Condition or disease Intervention/treatment Phase
Osteoarthritis Device: Cormet Device: Conserve Not Applicable

Detailed Description:
Recent research is inconclusive regarding the degree to which the density or strength of the bone around the hip implant is preserved following a hip resurfacing system. Certainly, there are many factors which contribute to the preservation of bone mineral density - we are studying the role of cement. More specifically, we are trying to compare outcomes between patients who receive the cementless Cormet Hip Resurfacing System to those who receive the cemented CONSERVE® Plus Total Resurfacing Hip System. Therefore, the primary purpose of the current study is to compare the bone mineral density between the cementless and cemented hip resurfacing systems. We are also comparing patients who receive these two different hip systems in terms of their x-rays and how they are managing with their hip.

Study Type : Interventional  (Clinical Trial)
Actual Enrollment : 120 participants
Allocation: Randomized
Intervention Model: Parallel Assignment
Masking: Single (Participant)
Primary Purpose: Treatment
Official Title: Randomized Clinical Trial of a Cemented Versus Cementless Femoral Component for Metal on Metal Hip Resurfacing Assessing Bone Mineral Density
Actual Study Start Date : May 15, 2009
Actual Primary Completion Date : December 2013
Actual Study Completion Date : December 2013

Resource links provided by the National Library of Medicine

U.S. FDA Resources

Arm Intervention/treatment
Active Comparator: Cementless Hip Resurfacing
Patients randomized into the Cementless Hip Resurfacing Group will have their hip resurfaced with the cementless Cormet / Corin Hip Resurfacing System.
Device: Cormet
Cementless hip resurfacing system
Other Names:
  • Cormet Hip Resurfacing System
  • Corin
Active Comparator: Cemented Hip Resurfacing
Patients randomized into the Cemented Hip Resurfacing Group will have their hip resurfaced with the cemented Conserve Plus Total Resurfacing Hip System.
Device: Conserve
Cemented hip resurfacing system
Other Names:
  • Conserve Plus Total Resurfacing Hip System
  • Wright



Primary Outcome Measures :
  1. Percent change in BMD (g/cm2) [ Time Frame: 12 months ]
    The primary outcome is percent change in BMD (g/cm2) from baseline to the 1-year post-operative interval, as measured radiographically in zone L1. Analysis of periprosthetic BMD will be achieved using 6 zones of the femoral neck, which have been used in previous studies


Secondary Outcome Measures :
  1. Implant Migration [ Time Frame: 24 months ]
    Radiographs will be taken preoperatively and until 24 months post-operatively to assess for any cup loosening.
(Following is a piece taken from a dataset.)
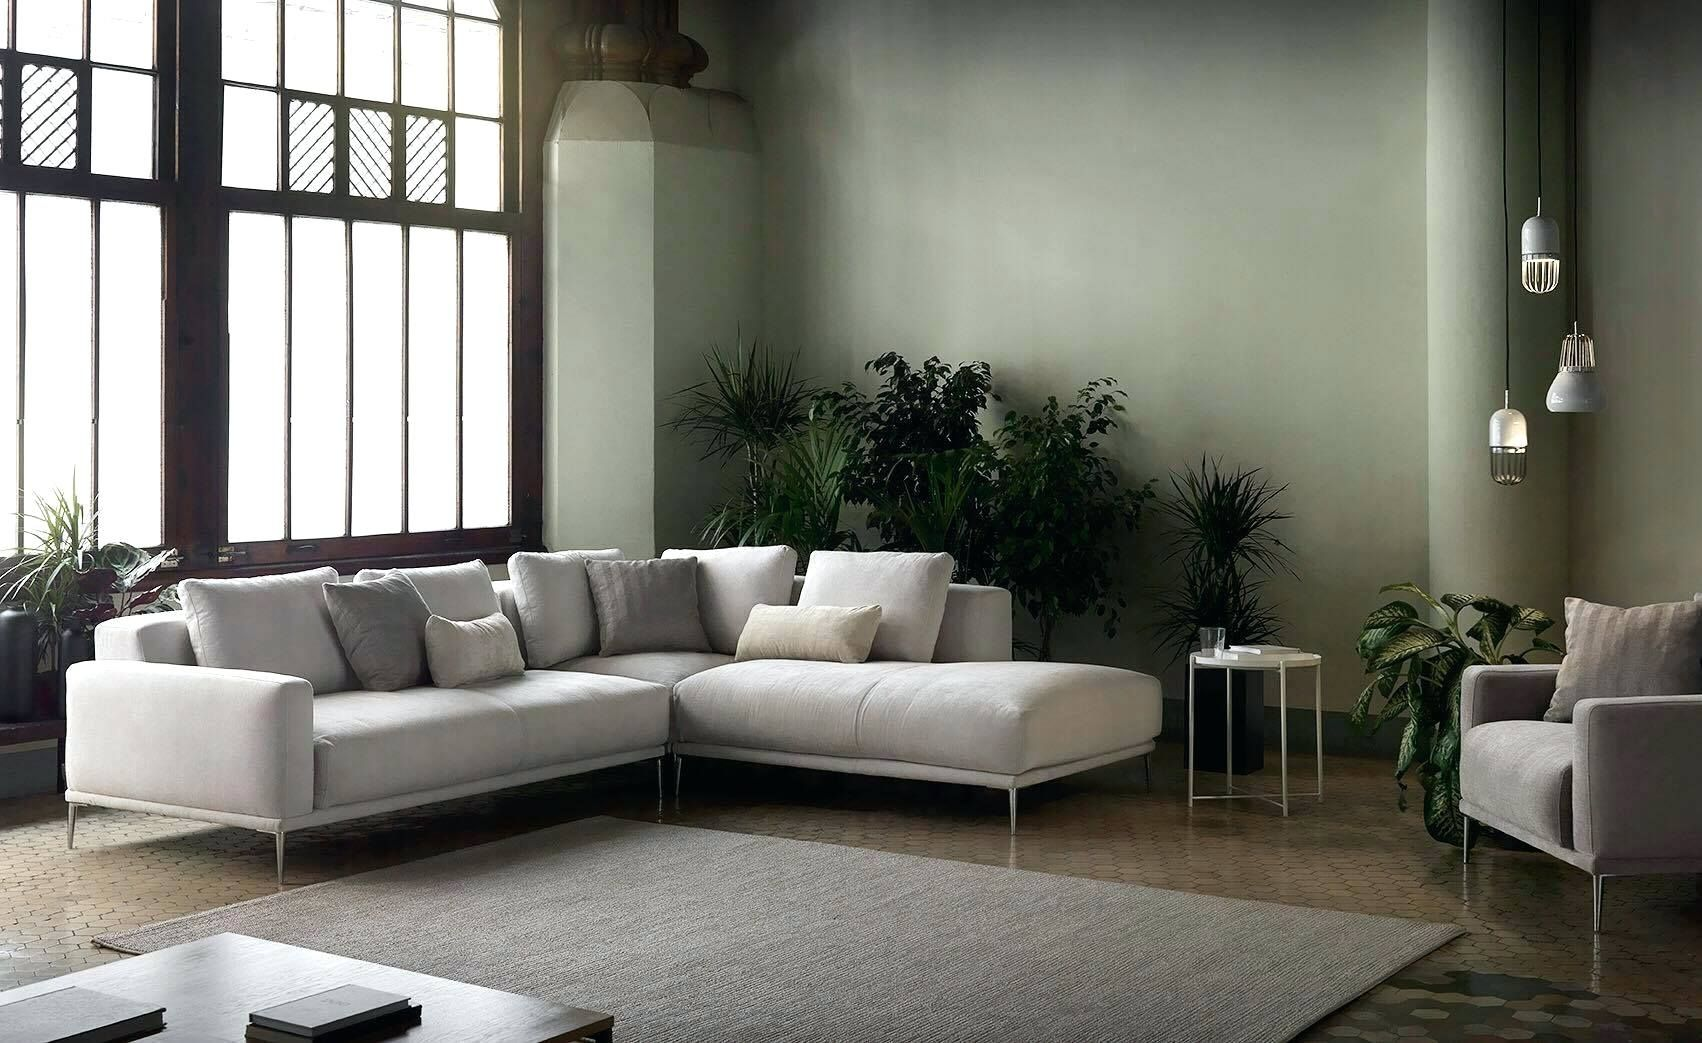 Modern amalfi sofa Photographs, elegant amalfi sofa for ...

Implant migration, both vertical and horizontal, will be measured on serial radiographs using the computer-assisted Ein Bild Röentgen Analyse (EBRA) software for cup migration.

  2. Harris Hip Score (HHS) Questionnaire [ Time Frame: 24 months ]
    The Harris Hip Score (HHS) is intended to evaluate various hip disabilities and methods of treatment. The HHS is comprised of 4 domains: pain, function, absence of deformity, and range of motion. The score has a maximum of 100 points (best possible outcome) covering pain (1 item, 0-44 points), function (7 items, 0-47 points), absence of deformity (1 item, 4 points), and range of motion (2 items, 5 points). The total score is calculated by summing the scores for the 4 domains. The higher the HHS, the less dysfunction.

  3. WOMAC Questionnaire to assess functionality [ Time Frame: 24 months ]
    The Western Ontario and McMaster Universities Osteoarthritis Index (WOMAC) consists of 24 items divided into 3 subscales: Pain (5 items), stiffness (2 items), and function (17 items). This questionnaire is self-administered using the 5-point Likert-type scale (none, mild, moderate, severe, extreme). These correspond to an ordinal scale of 0-4. The scores are summed (0-100), where higher scores are indicative of worse pain, stiffness, and functional limitations.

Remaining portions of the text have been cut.